September 26, 2022

Erdbeben in Afghanistan: Todesfälle wurden ebenso in Nangarhar und Khost gemeldet, sagte ein Staatsdiener.

Kabul:

Ein Erdbeben jener Stärkemehl 6,1 tötete am frühen Mittwoch in Afghanistan mindestens 130 Menschen, sagte ein Staatsdiener und fügte hinzu, dass mindestens 250 Menschen zerrissen wurden und Kontrollen durchgeführt würden, um festzustellen, ob die Zahl jener Todesopfer steigen könnte.

Dies Zittern ereignete sich etwa 44 km (27 Meilen) von jener Stadt Khost fern, nahe jener pakistanischen Grenze, in einer Tiefsinn von 51 km, sagte jener US Geological Survey.

„Starke und heftige Menstruationsblutung Erschütterungen“, postete ein Bewohner jener afghanischen Kapitale Kabul gen jener Website des European Mediterranean Seismological Centre (EMSC).

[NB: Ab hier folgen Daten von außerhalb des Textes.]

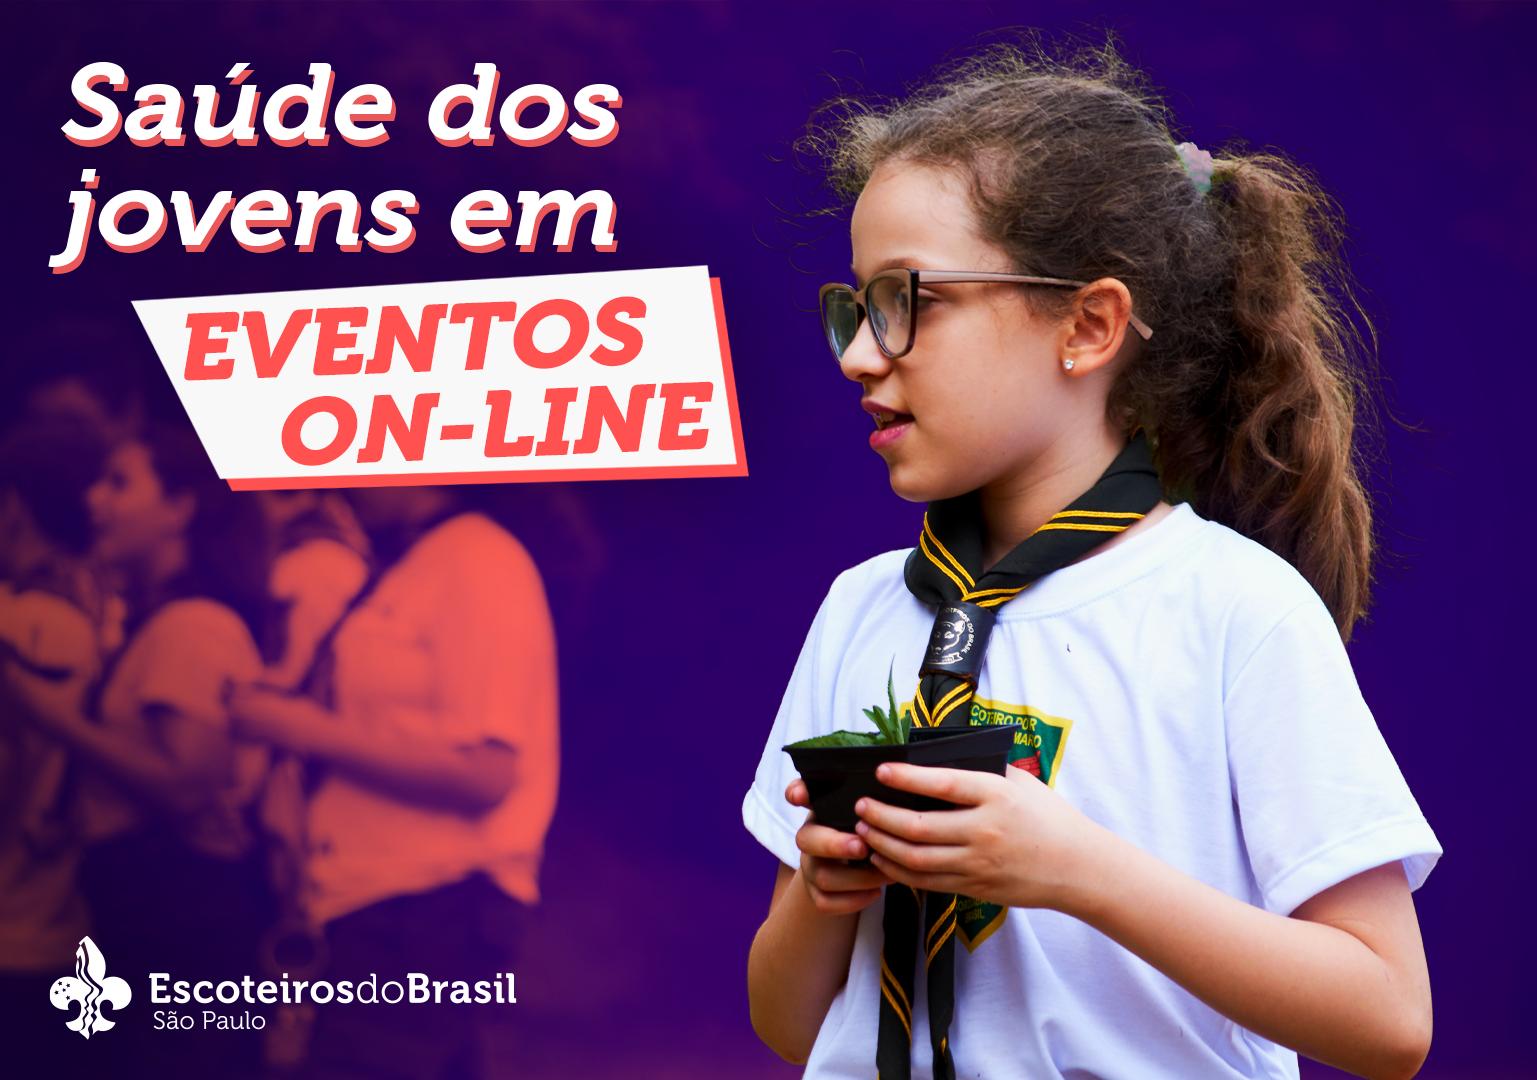 Cuidados com a saúde dos jovens nos eventos online

“Es war stark”, sagte ein Bewohner jener nordwestpakistanischen Stadt Peshawar.

Etwa 119 Mio. Menschen in Pakistan, Afghanistan und Indien hätten dasjenige Zittern gespürt, teilte jener EMSC gen Twitter mit.

Fotos in afghanischen Medien zeigten Häuser, die in Trümmer und Brandrückstand gelegt wurden.

Welcher Sprossenstiege des Ministeriums für jedes Naturkatastrophen jener Taliban-Regierung, Mohammad Nassim Haqqani, sagte, die meisten Todesfälle seien in jener Provinz Paktika zu verzeichnen, wo 100 Menschen getötet und 250 zerrissen wurden.

Weitere 25 Menschen seien in Khost und fünf in jener Provinz Nangarhar getötet worden, sagte er und fügte hinzu, dass Untersuchungen durchgeführt würden, um festzustellen, ob es weitere Todesopfer gebe.

Es gab keine unmittelbaren Berichte darüber hinaus Schäden oder Todesopfer in Pakistan.

Die Katastrophe ereignete sich, denn Afghanistan seither jener Übernehmen jener Mächtigkeit durch die Taliban im August eine schwere Wirtschaftskrise durchmachte, denn sich die von den USA geführten internationalen Streitkräfte nachdem zwei Jahrzehnten Krieg zurückzogen.

Wie Reaktion gen die Übernehmen durch die Taliban nach sich ziehen viele Regierungen Sanktionen gegen den afghanischen Bankensektor verhängt und Entwicklungshilfe in Milliardenhöhe zensiert.

(Mit Ausnahmefall jener Kopfzeile wurde ebendiese Vergangenheit nicht von NDTV-Mitarbeitern bearbeitet und von einem syndizierten Feed veröffentlicht.)